03-27-2024, 06:58 PM
To give you an measurable test, to have an idea of the speed difference, give this a try:
And this is the speed difference with my laptop, which is loading and saving from a SSD -- it still takes twice as long to load line-by-line and count the array, as it does with the other methods. Disk access is slow; it's the true bottleneck in performance usually, whenever you have a routine that runs it. The less reads/writes you make to your disk/data, the better off you are, performance-wise.
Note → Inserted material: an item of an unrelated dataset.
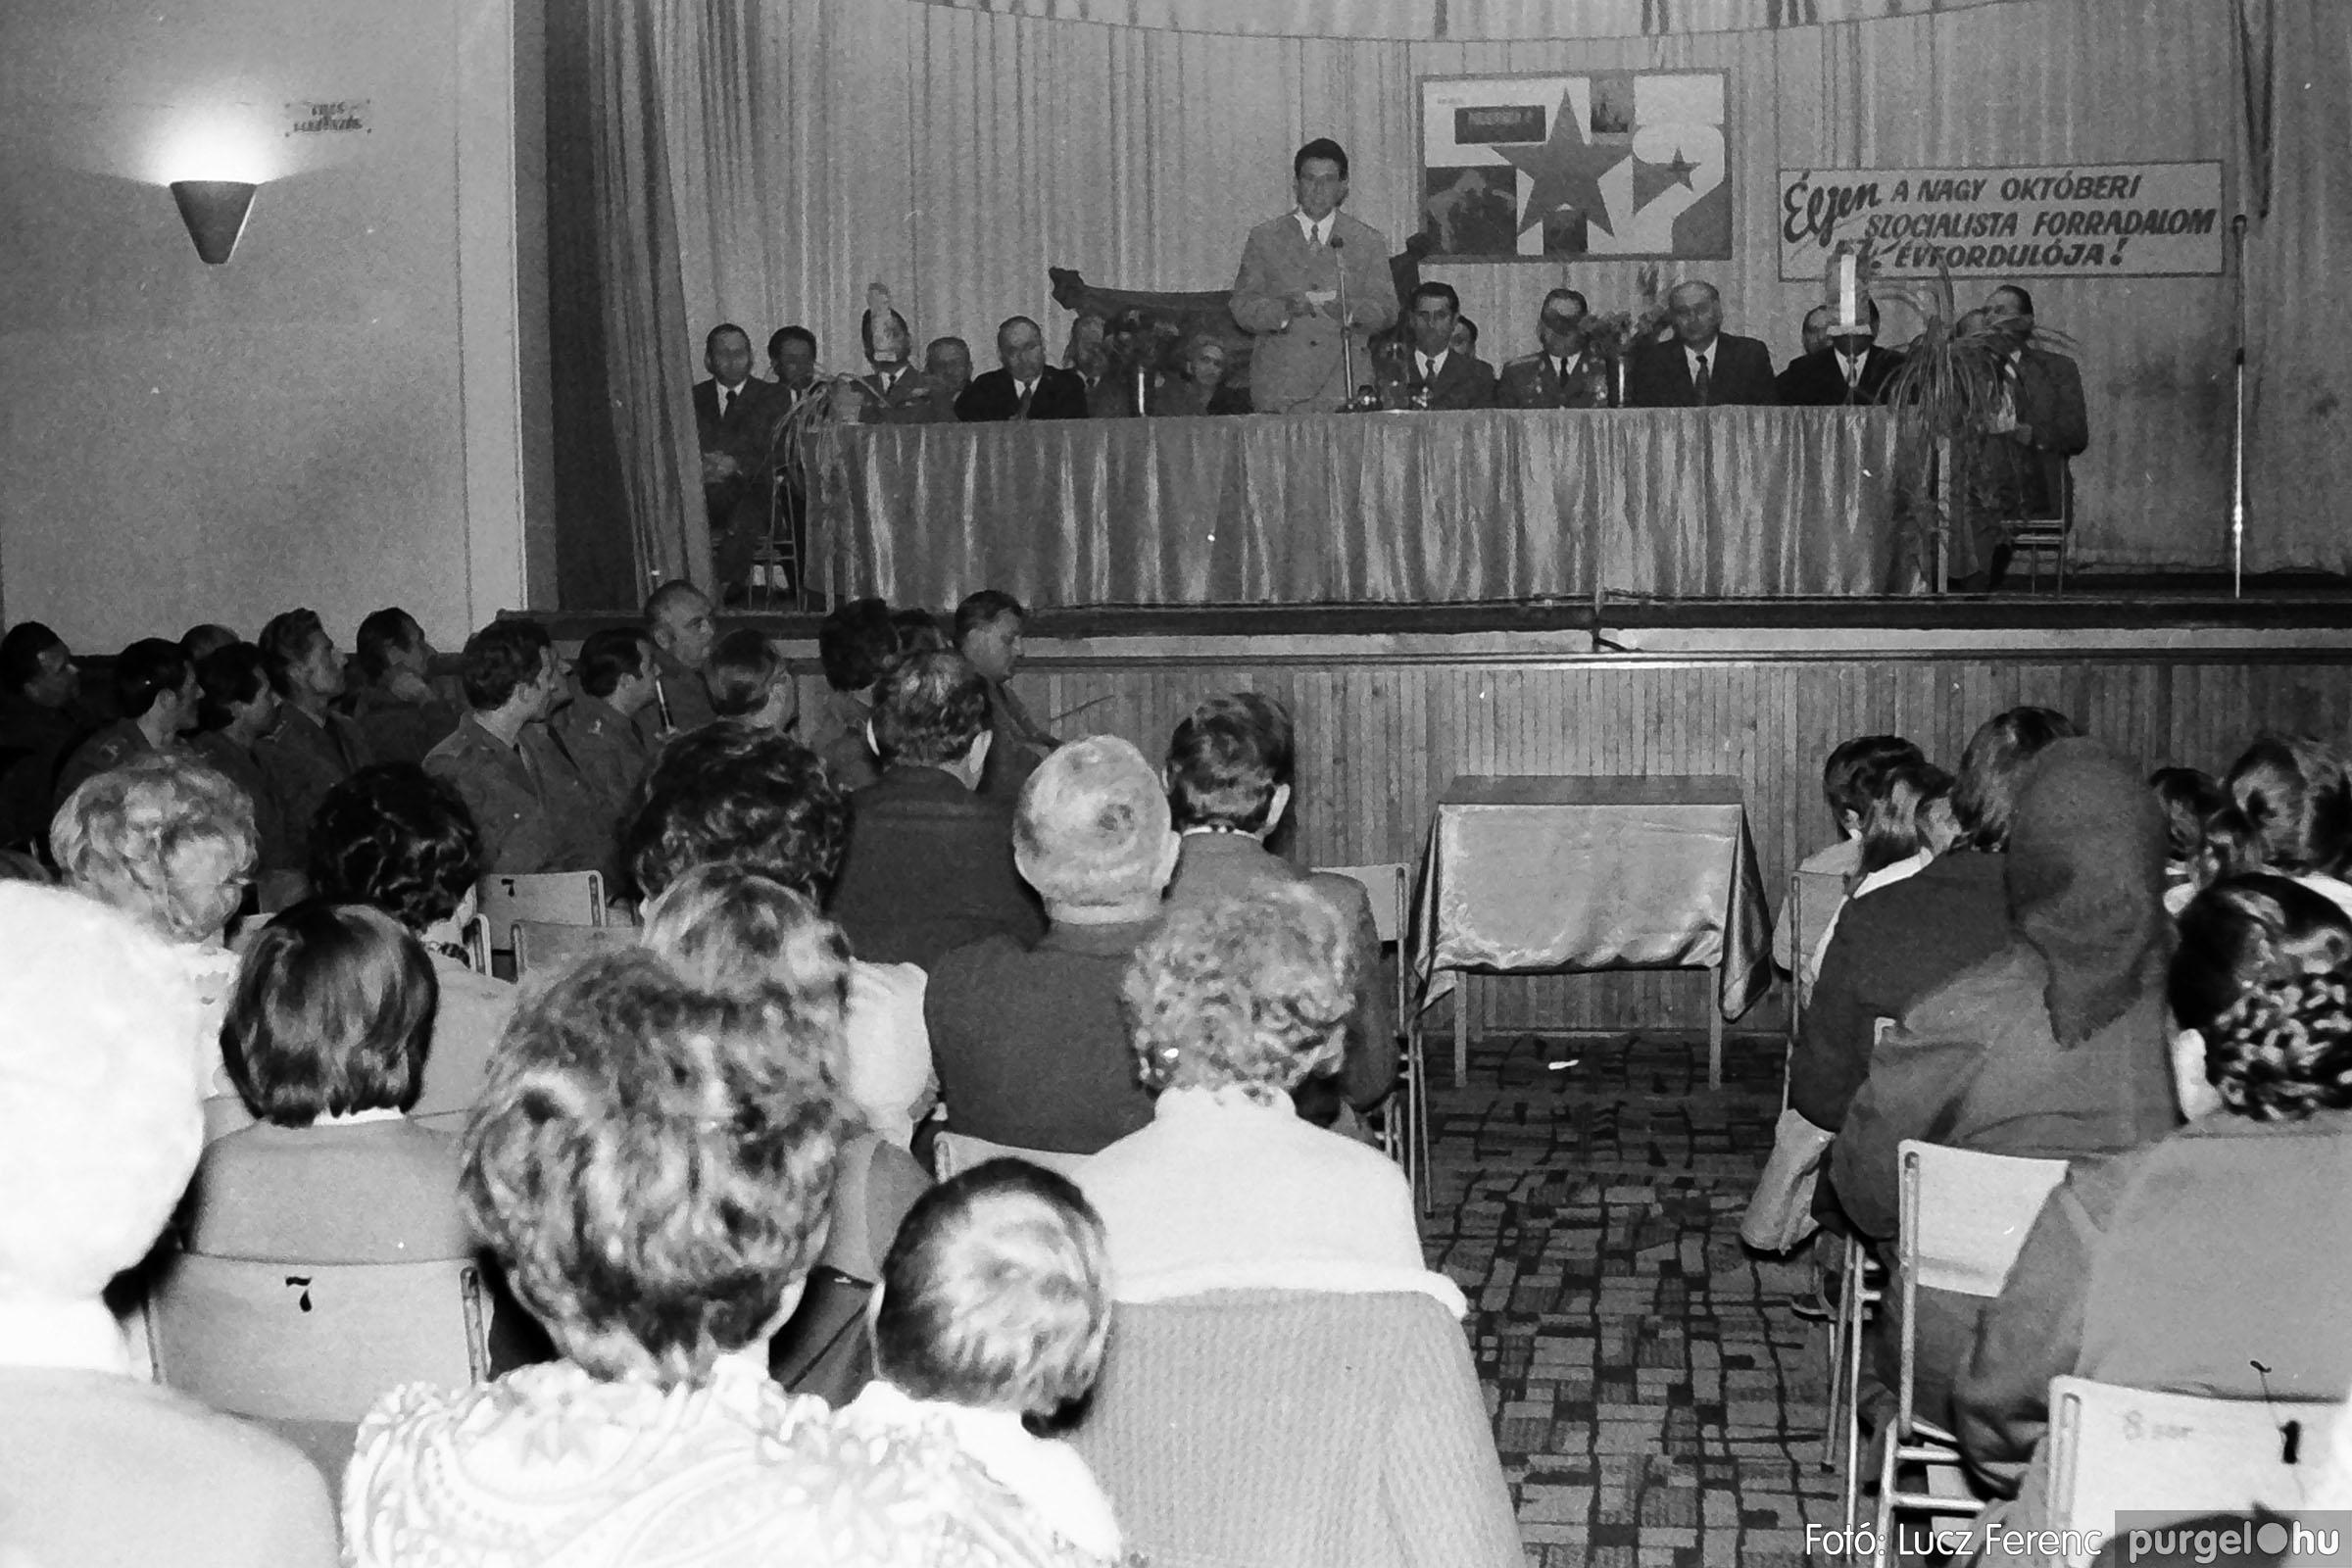 003 1974.11.07. - November 7-i ünnepség 009 - Fotó: Lucz Ferenc IMG01133q.jpg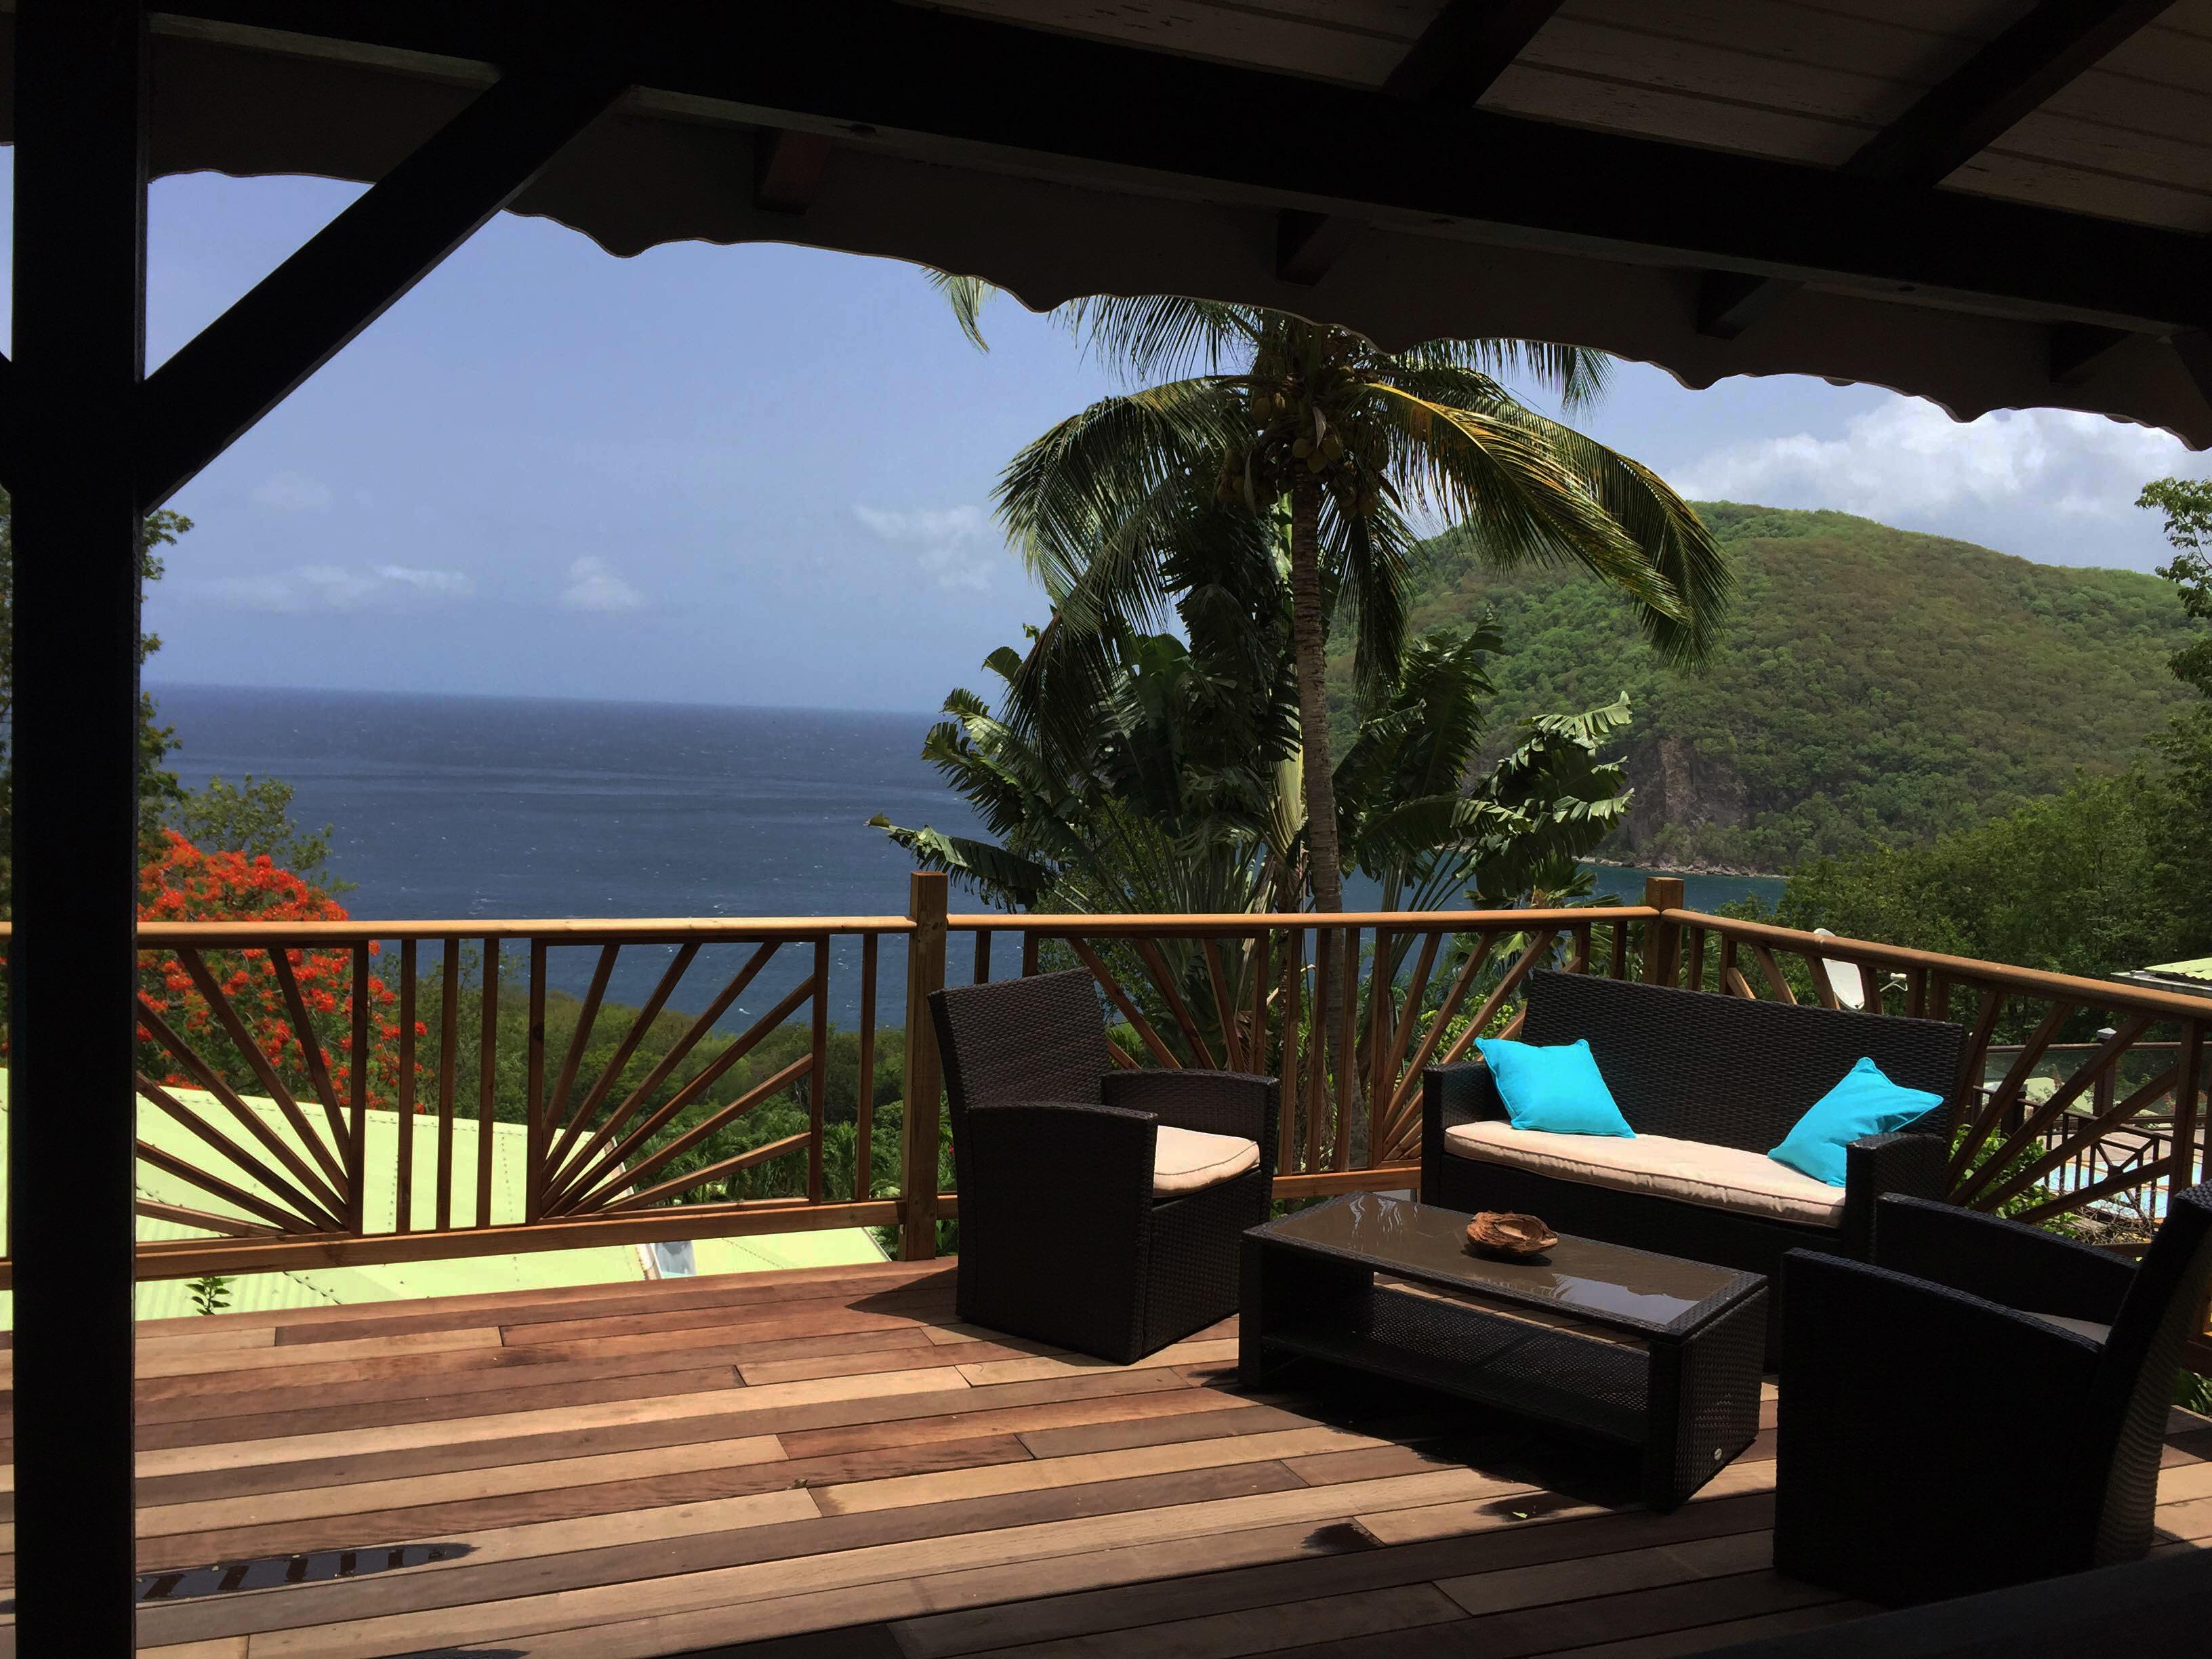 terrasse-vue-sur-mer-villa-palma-deshaies-guadeloupe

One thing to note here: I reduced my test size by a factor of 10 for this. Instead of testing millions of items, we're just testing a few hundred thousand -- that's the difference in how much disk access affects the speed of a routine.
Code: (Select All)
ReDim foo(0) As Long 'the array that's going to hold an uncertain amount of data
Randomize Timer
limit = Rnd * 100000 + 100000 'now, nobody knows how large this limit is going to be. Right?
'Let's run some tests with various ways to fill an array with this uncertain amount of data
Open "temp.txt" For Output As #1 'write the data to disk to see how that affects things.
For i = 1 To limit
Print #1, i
Next
Close
Open "temp.txt" For Binary As #1
t# = Timer(0.001)
count = 0
Do
Line Input #1, temp$
foo(count) = Val(temp$)
count = count + 1
ReDim _Preserve foo(count) 'resize as we go
Loop Until EOF(1)
t1# = Timer(0.001)
Print Using "There were ###,###,### items in the array, and it took us ##.### seconds to fill it. (ReDim as we go)"; UBound(foo), t1# - t#
'Now, let's clear all that data and try a different method
ReDim foo(10000000) As Long 'big enough to hold the data, no matter what
t# = Timer(0.001)
count = 0 'reset the counter
Seek #1, 1 'go back to the beginning of the file
Do
Line Input #1, temp$
foo(count) = Val(temp$)
count = count + 1
Loop Until EOF(1)
ReDim _Preserve foo(count)
t1# = Timer(0.001)
Print Using "There were ###,###,### items in the array, and it took us ##.### seconds to fill it. (ReDim, then resize)"; UBound(foo), t1# - t#
'Now, let's clear all that data and try a different method
ReDim foo(0) As Long 'erase the old data
t# = Timer(0.001)
count = 0 'reset the counter
Seek #1, 1 'go back to the beginning of the file
Do
Line Input #1, temp$
count = count + 1
Loop Until EOF(1)
Seek #1, 1 'go back to the beginning of that file
ReDim _Preserve foo(count)
For i = 1 To count
Line Input #1, temp$
foo(count) = Val(temp$)
Next
t1# = Timer(0.001)
Print Using "There were ###,###,### items in the array, and it took us ##.### seconds to fill it. (Count, then ReDim)"; UBound(foo), t1# - t#
And this is the speed difference with my laptop, which is loading and saving from a SSD -- it still takes twice as long to load line-by-line and count the array, as it does with the other methods. Disk access is slow; it's the true bottleneck in performance usually, whenever you have a routine that runs it. The less reads/writes you make to your disk/data, the better off you are, performance-wise.
One thing to note here: I reduced my test size by a factor of 10 for this. Instead of testing millions of items, we're just testing a few hundred thousand -- that's the difference in how much disk access affects the speed of a routine.